Lai bought a club that was cash rich solvent and in the Premier League with near to zero upside potential.
By definition Football clubs are nearly always sold to billionaires because nobody else can afford to buy them so finding a billionaire or large corporation to "invest" is not a good thing because it is pretty much the only type of person or institution that can.
Villa were sold with a mountain of debt quite literally days away from administration. Have the new ownership spent more than £110m on cleaning up the mess they inherited ? Probably.
Fosun only spent £45m on buying Wolves. However but they spent another £38m on acquiring a 15% stake in the Mendes Agency with the option to increase that stake to 30%. The stake in Start SGPS is more valuable to Fosun than Wolves even today. The relationship between the two is host and parasite at the moment it is symbiotic but be in no doubt that Fosun will sell off and move to a new host when the moment is right.
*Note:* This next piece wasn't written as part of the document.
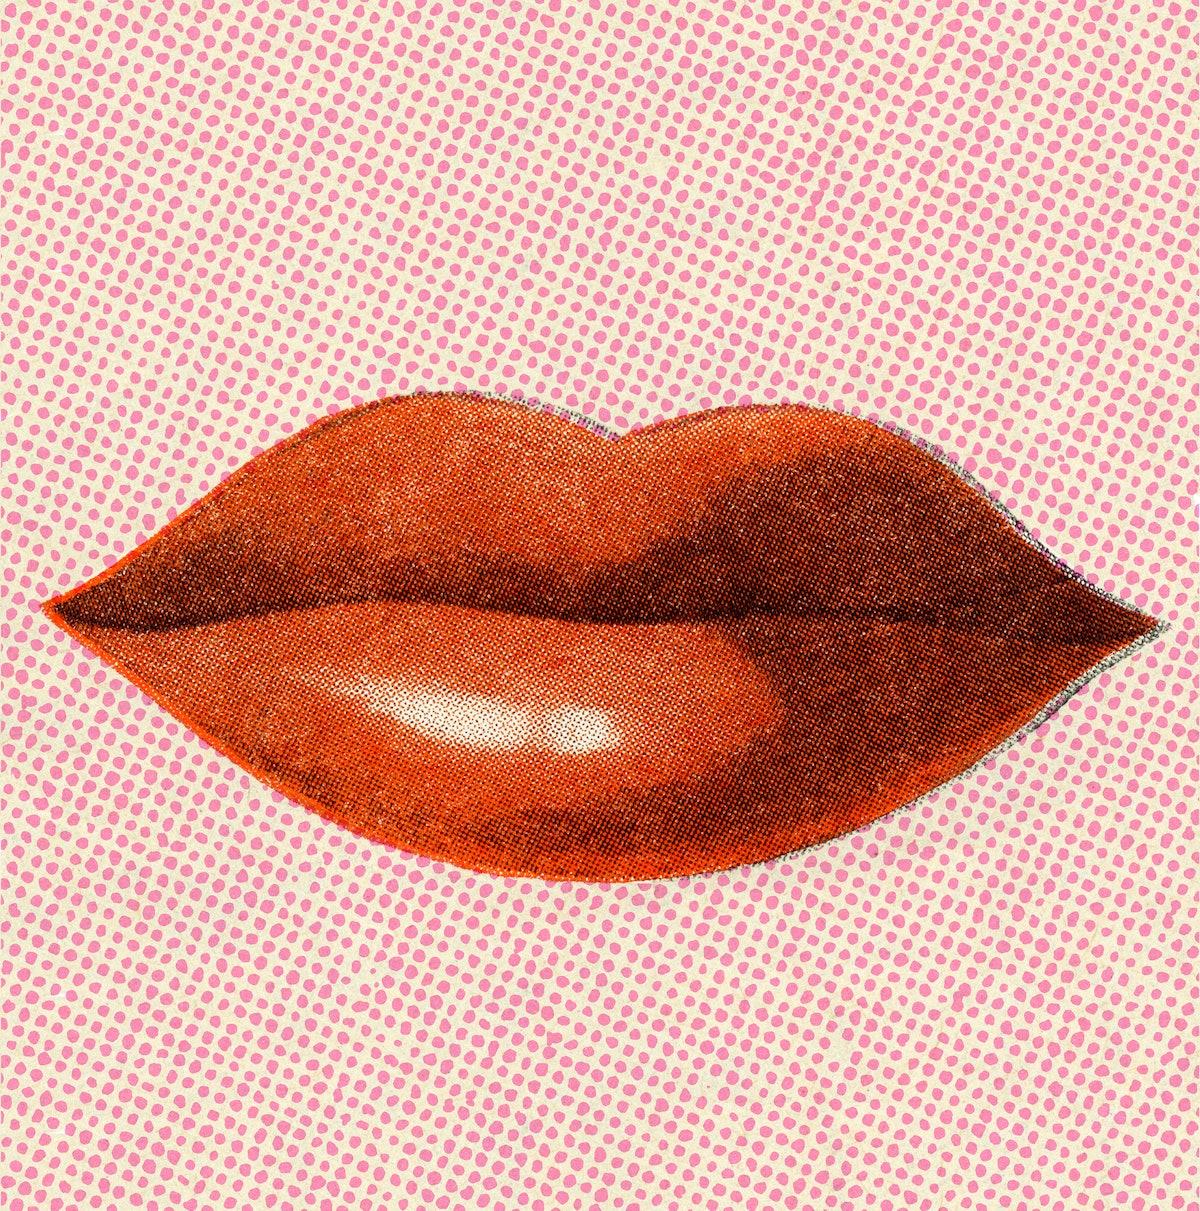 lips illustration

Both however were bought in the Championship with lots of upside potential. Just getting promoted doubles the club's value overnight. A route it is open to profit. However failure to get promoted turns them into Derby or Sheffield Wednesday. Although Wolves could still be used as a player trading platform in the Championship.
Valid points Stan - thank you.
My point is that other clubs were available and changing hands at lower prices, albeit with debt attached to them, but also with history and potential.
For a smart businessman Lai seems to have bought a debt free club at an absolutely premium price, a price set by Peace. I realise that Lai did not have to take it, but he did and now we appear to be entering the wilderness years as far as club progression is concerned. If we do go down then I really fear for us, so the Allardyce 'gamble' has to work for all concerned.
To be fair to Peace, if he was approached by Fosun as widely rumoured and he turned them away, then it looks as though he helped the club dodge a bullet, although I suspect that it was more to do with profit margins as opposed to the future development of our club.
My issue with Peace is the way he went about his business, as a result of this we now have an owner who appears to be out of his depth and wanting all of his investment back. Peace put him there and rode off into the sunset. Ironically I don't think that we are any better or worse of with Lai; it would be exactly the same with Peace here. We are well and truly stuck.
Earlier in this thread someone mentioned true fans, we are all true fans but we cannot afford to buy the club sadly [well I cant anyway]. A true fan for me was someone like Sir Jack Hayward, a life long fan who put his money into the club he supported and wanted nothing back. Peace said he was a life long fan too didn't he?